:: Task objective ::
Exactly as they stand, repeat the lines from the one containing "Tatiana Suarez lays" through the final line of the listing, both ends included, and nothing else; skip the pictures.

:: Provided data ::
-- Opening Marker --

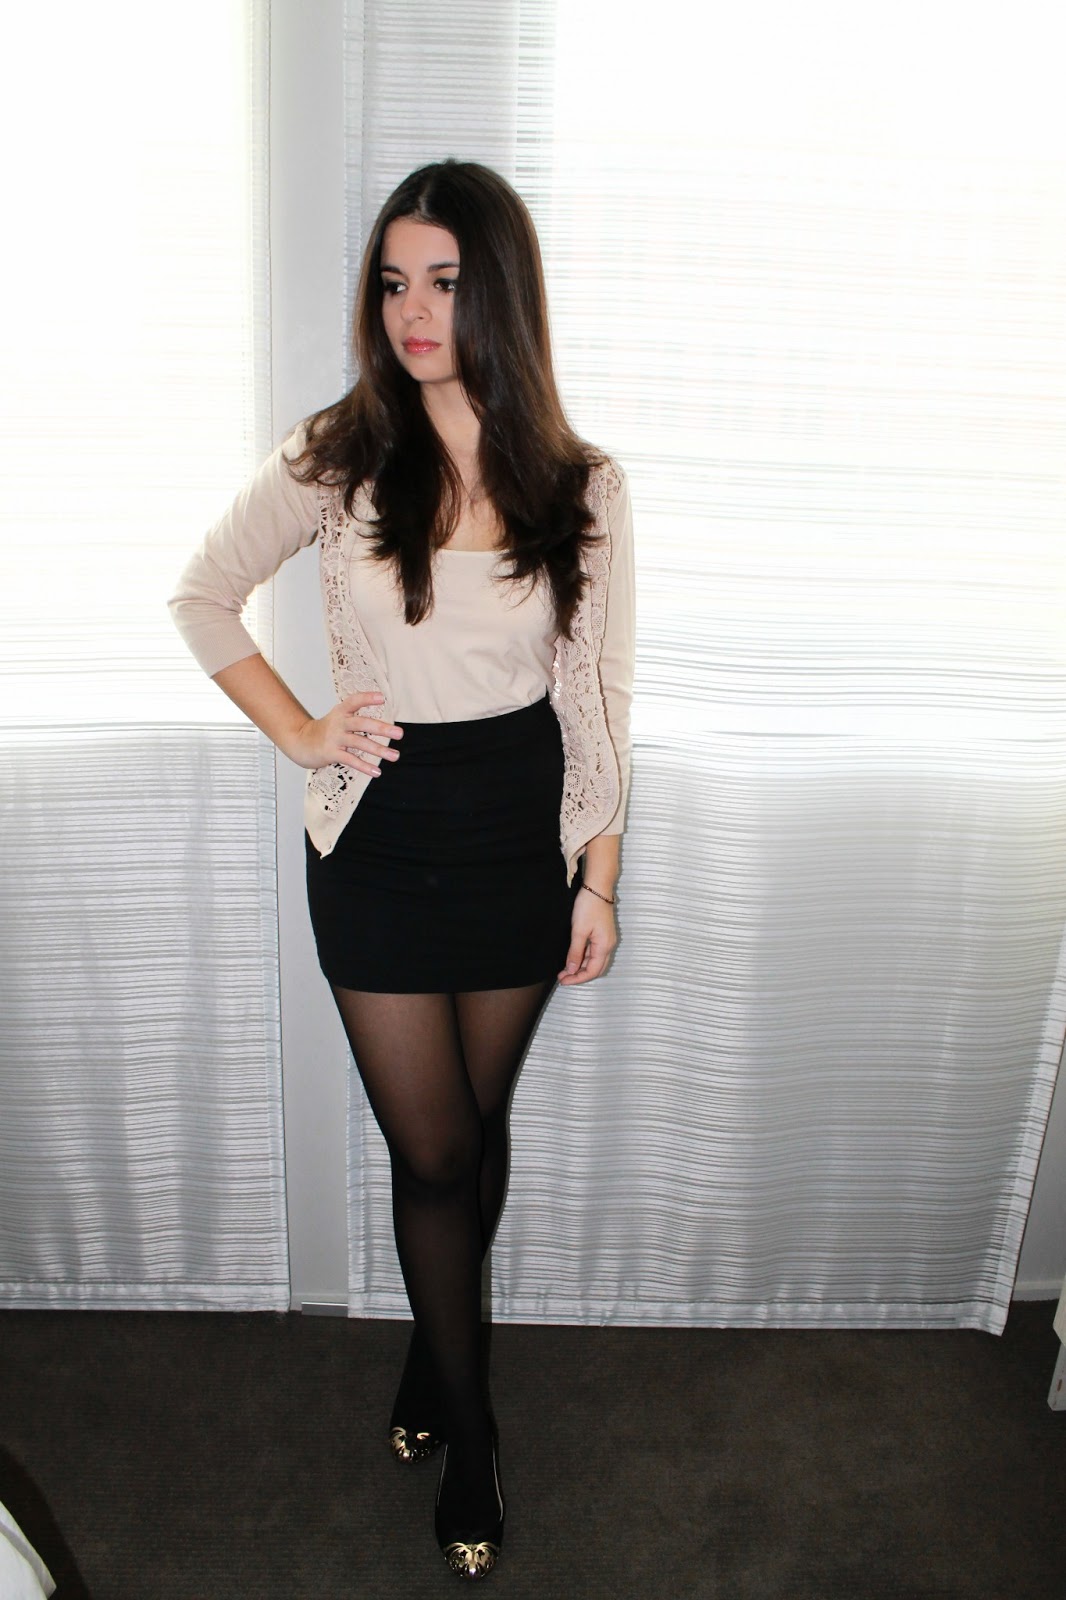 jana cova spreads her pussy caged pichunter #nn #youngteen #dressed #formal #skirt #brunette
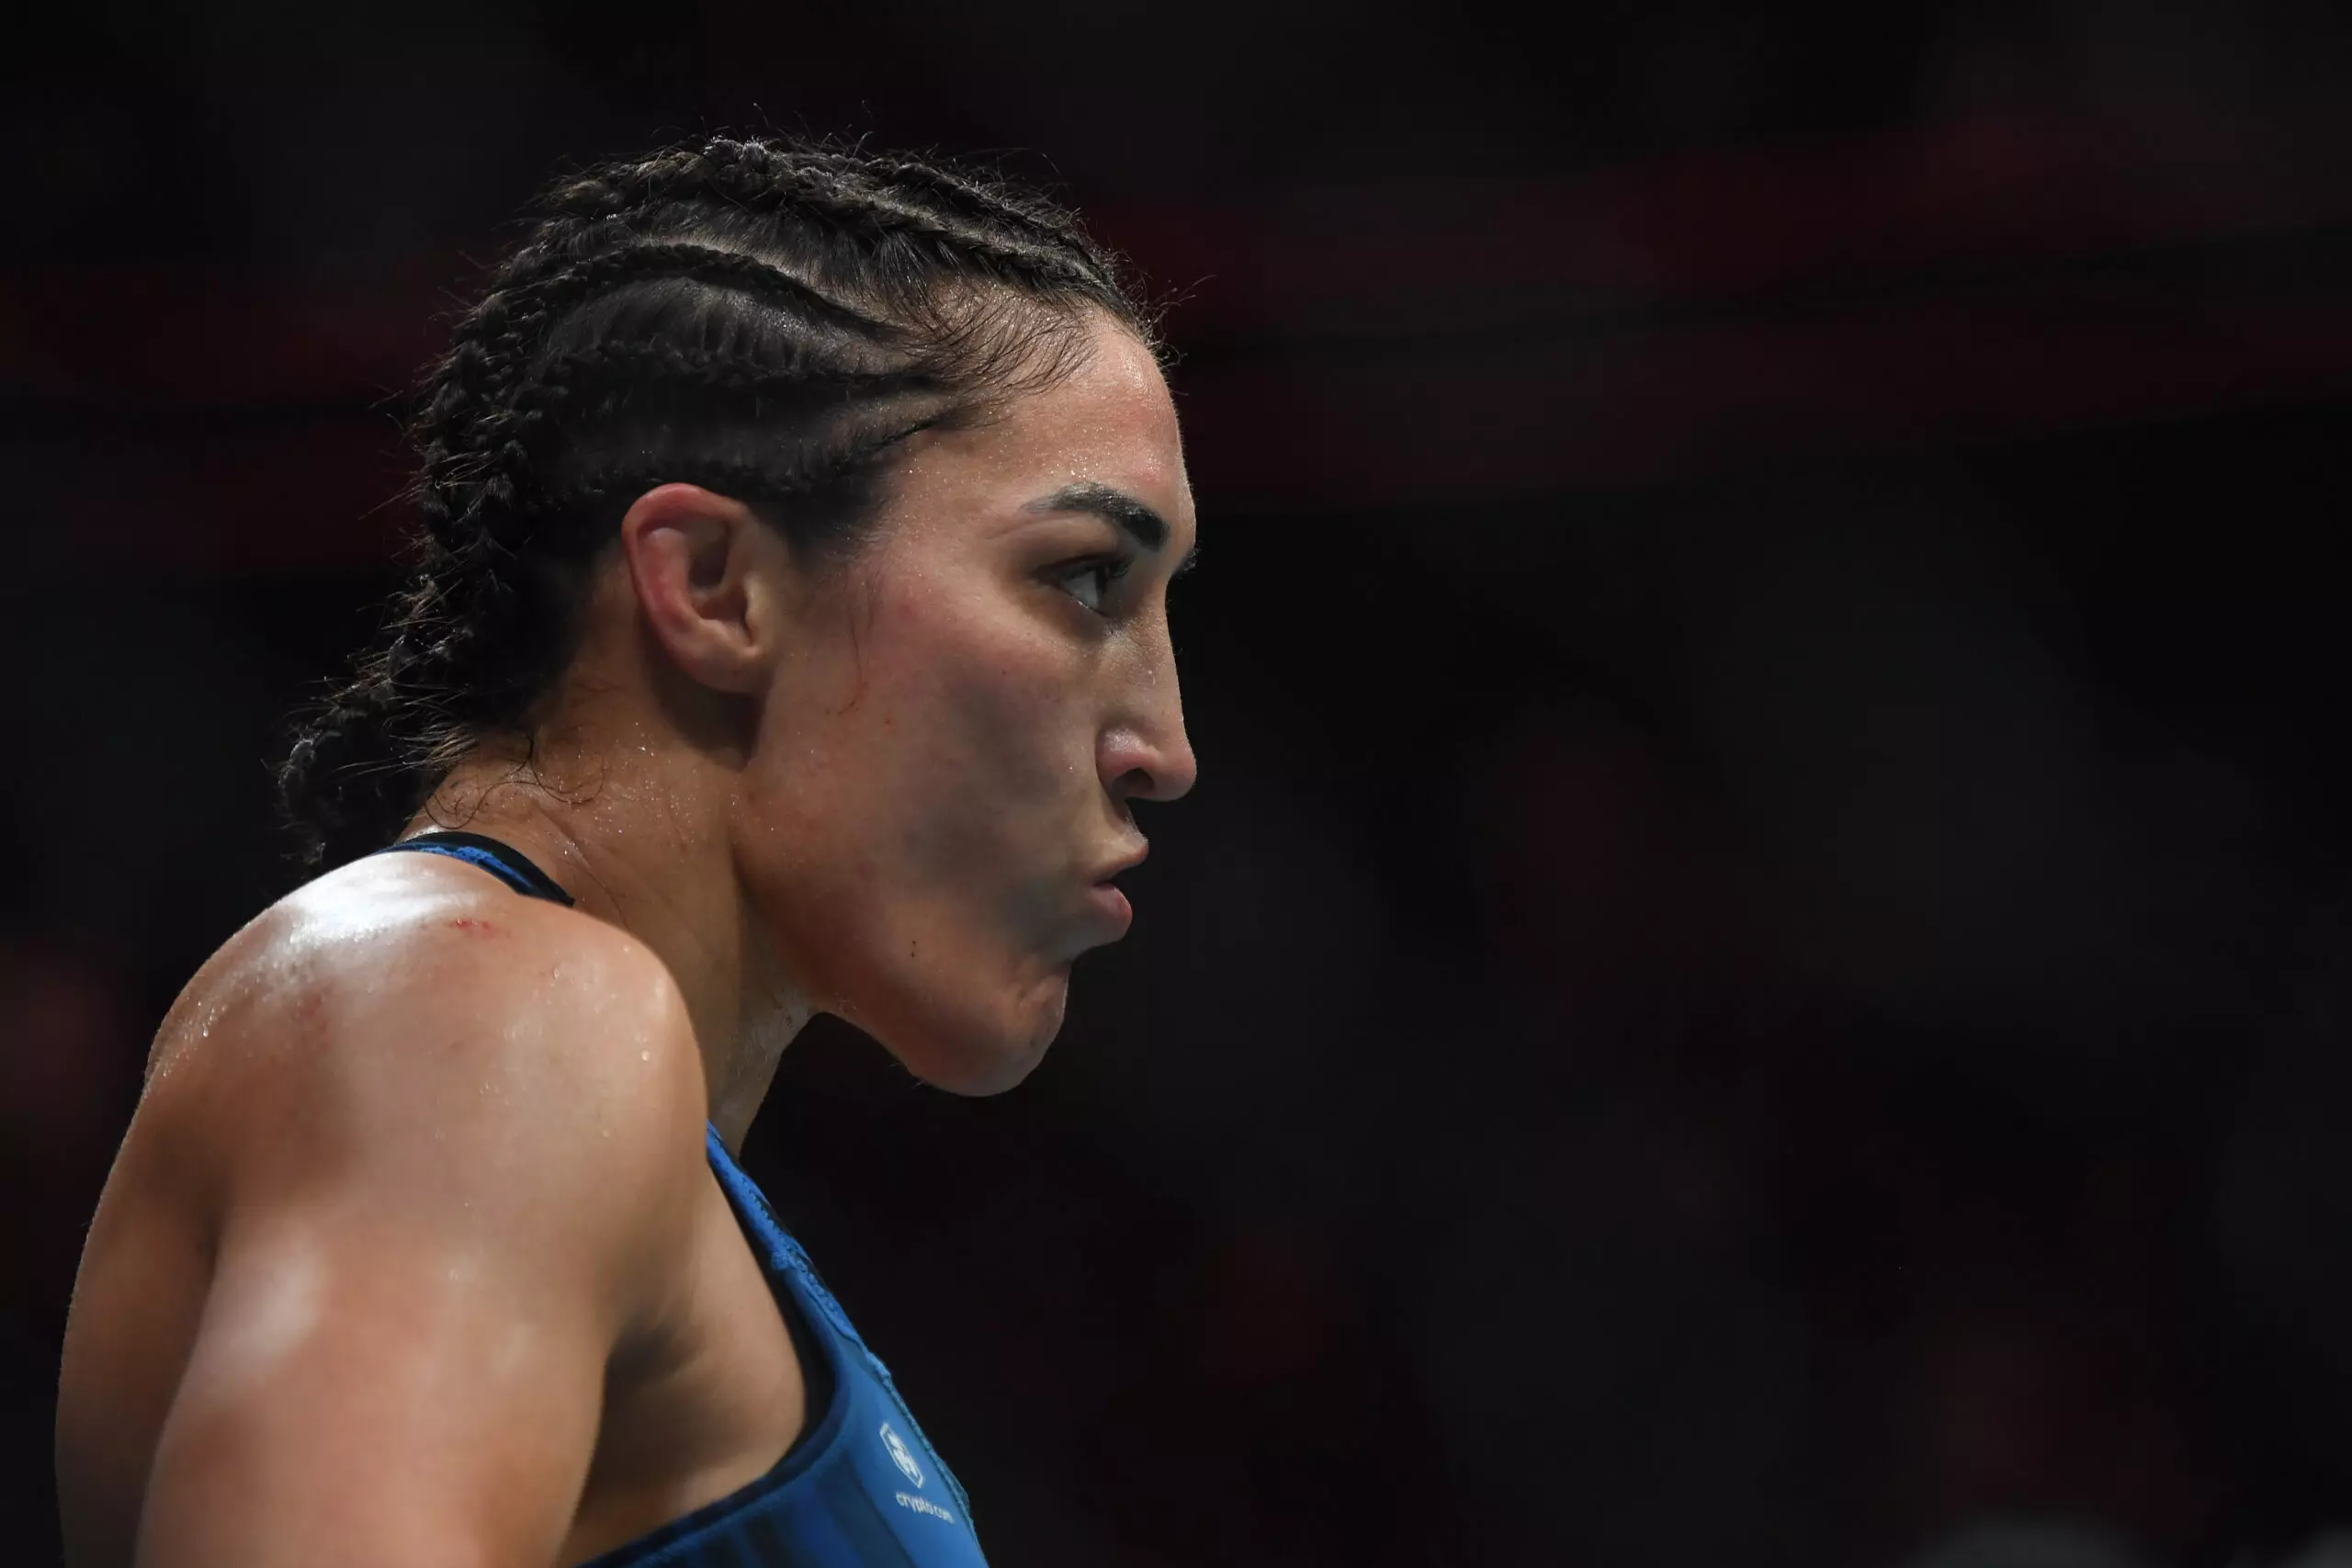 Tatiana Suarez lays out her plan for a potential UFC return after recovering from injury, stating confidently, "If not, then I'm aiming for the title shot."
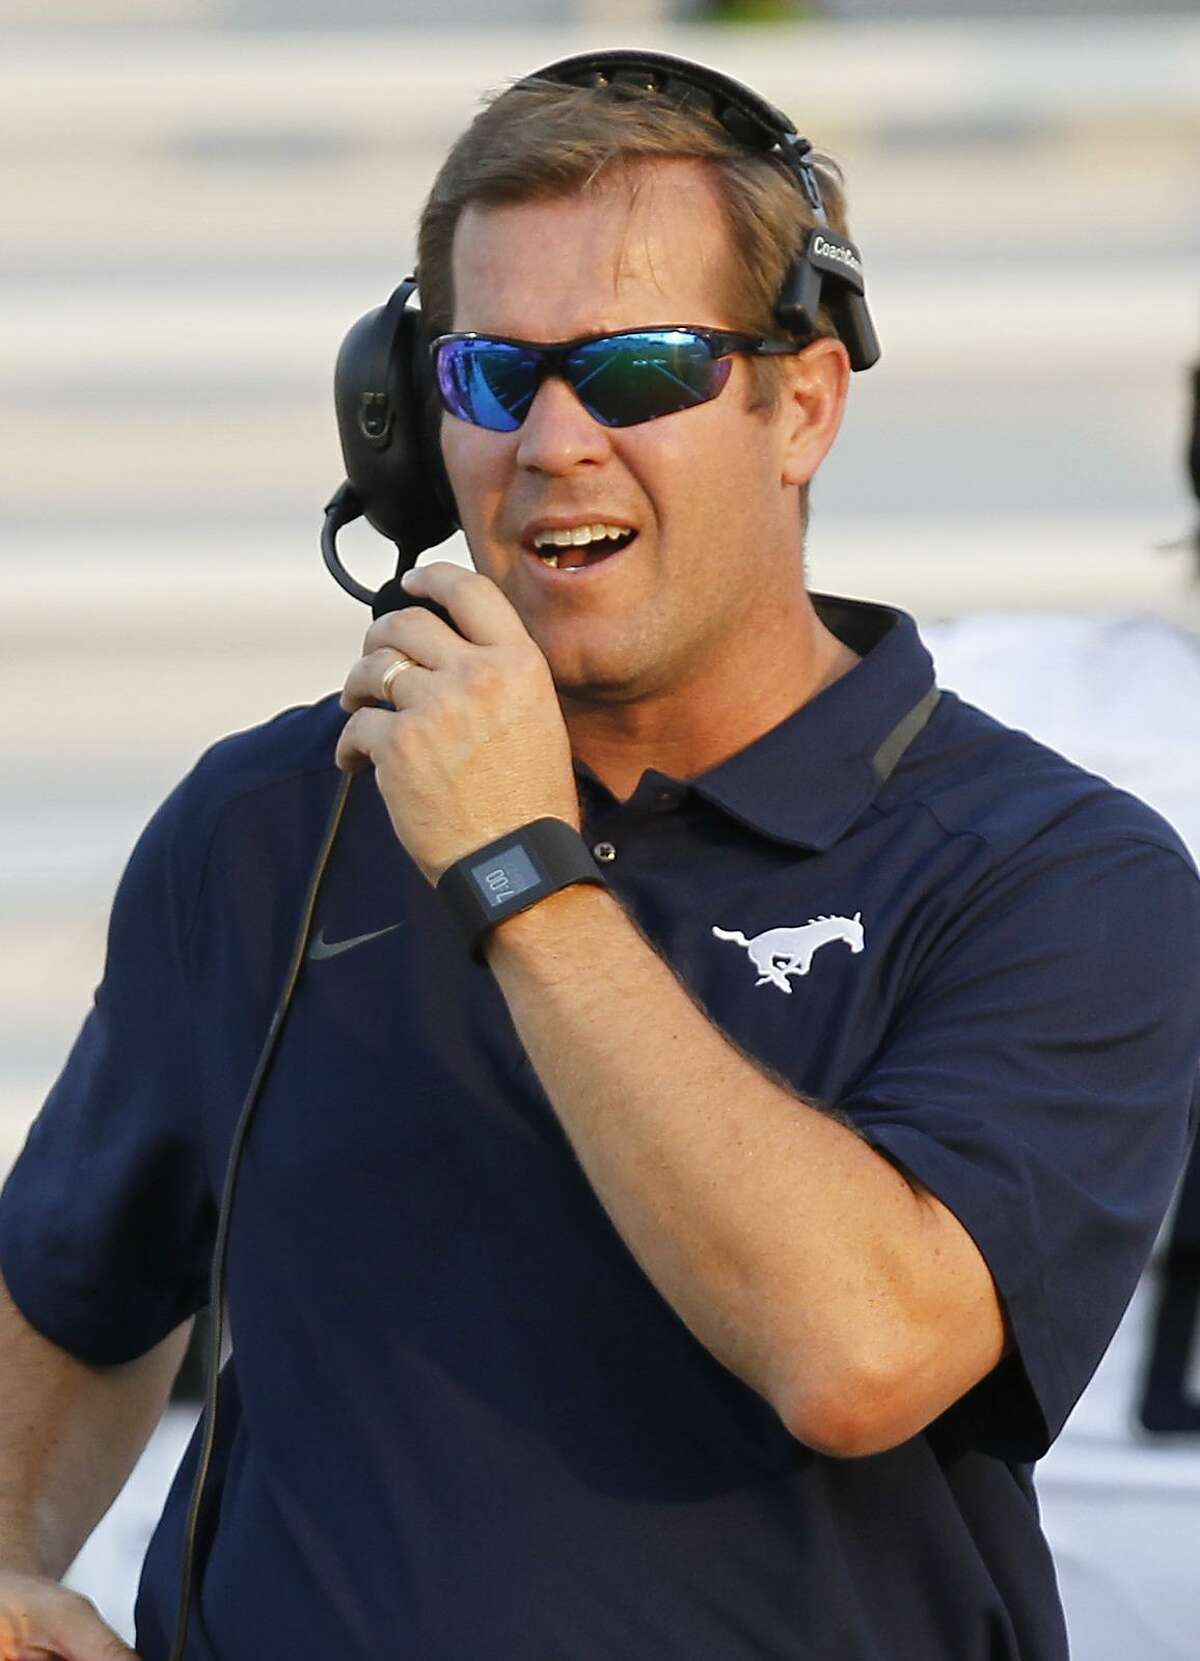 Lamar Consolidated head football coach Rick LaFavers enters his fifth season leading the Mustangs, who broke through with a 7-4 season that included their first playoff berth in six years.

-- Closing Marker --

:: Response for this exercise ::
 Tatiana Suarez lays out her plan for a potential UFC return after recovering from injury, stating confidently, "If not, then I'm aiming for the title shot."
 Lamar Consolidated head football coach Rick LaFavers enters his fifth season leading the Mustangs, who broke through with a 7-4 season that included their first playoff berth in six years.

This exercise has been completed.